Choosing a field site: The hunt (Part three)

In another portion of the same field trip, some students were required to do a survey around the town of Hunstanton, about an hour’s drive from the earlier stop of Overstrand. Hunstanton is regionally known for its chalk cliffs, which my supervisor had previously suspected might be a good site candidate. So, after dropping off the students, we went down to investigate its potential as a study site.

The aerial image (once again courtesy of GetMapping) reveals a sharper cliff, far more distinct than what appeared to be a set of landslides at Overstrand. Looking within the shadows reveals numerous rockfalls and slips, which was thought could make for an interesting (and challenging!) environment for photogrammetric mapping. The tide in the image is almost at its highest, a search reveals that it shouldn’t be a big issue for conducting a survey as it stays relatively far out, but this will obviously be influenced by focal length and sensor size of the cameras we use!

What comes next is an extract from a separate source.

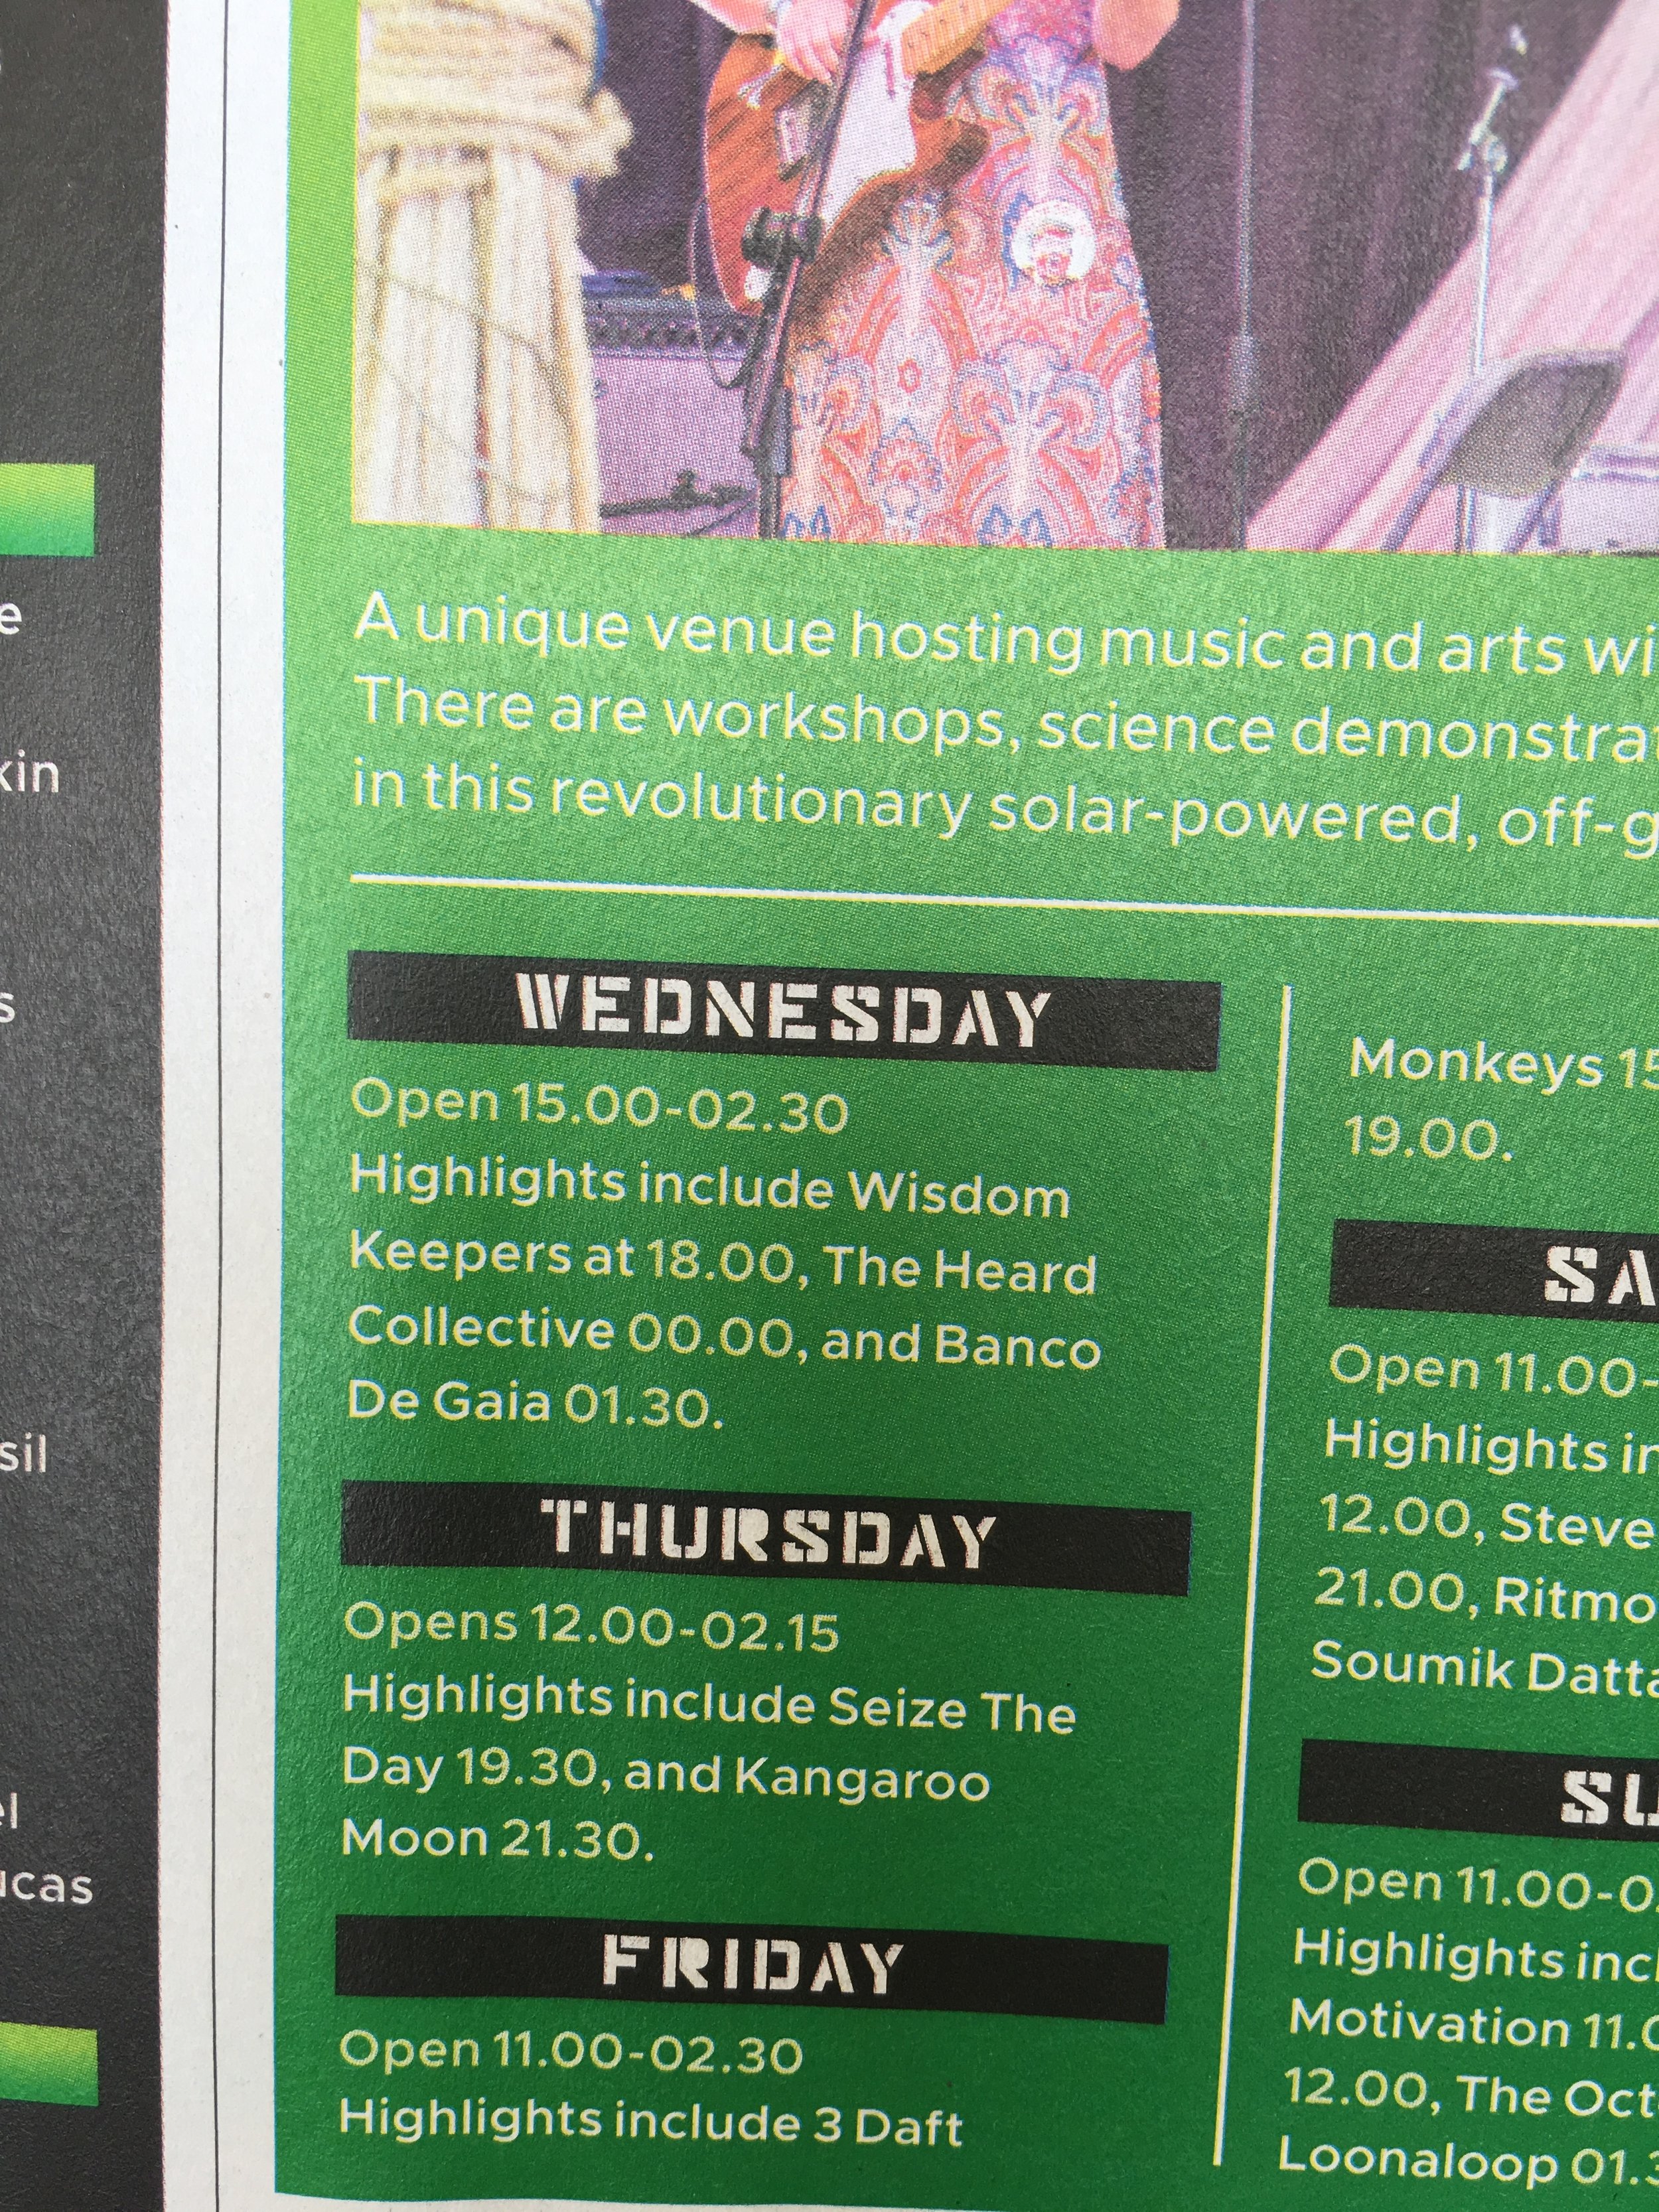 HEARD Collective featured in the Glastonbury 2019 Festival Programme highlights

Aerial image of Hunstanton and its cliffs, courtesy of GetMapping

The Hunstanton cliffs are extremely well documented, and another set of cliffs with conservation status. One of the earliest records revealed is an 18th Century essay, ‘Towards a topographical history of the county of Norfolk’, with numerous mentions of the Hunstanton cliffs. The cliffs consist of three distinct strata denoted by their striking colour differences (colour contrast!). The bottommost layer is rusty brown Carstone, which contrasts with the striking Hunstanton Red Chalk Formation and white/grey topmost Ferriby Chalk Formation. It’s a popular area with fossil hunters, being a very productive area for ammonite fossils.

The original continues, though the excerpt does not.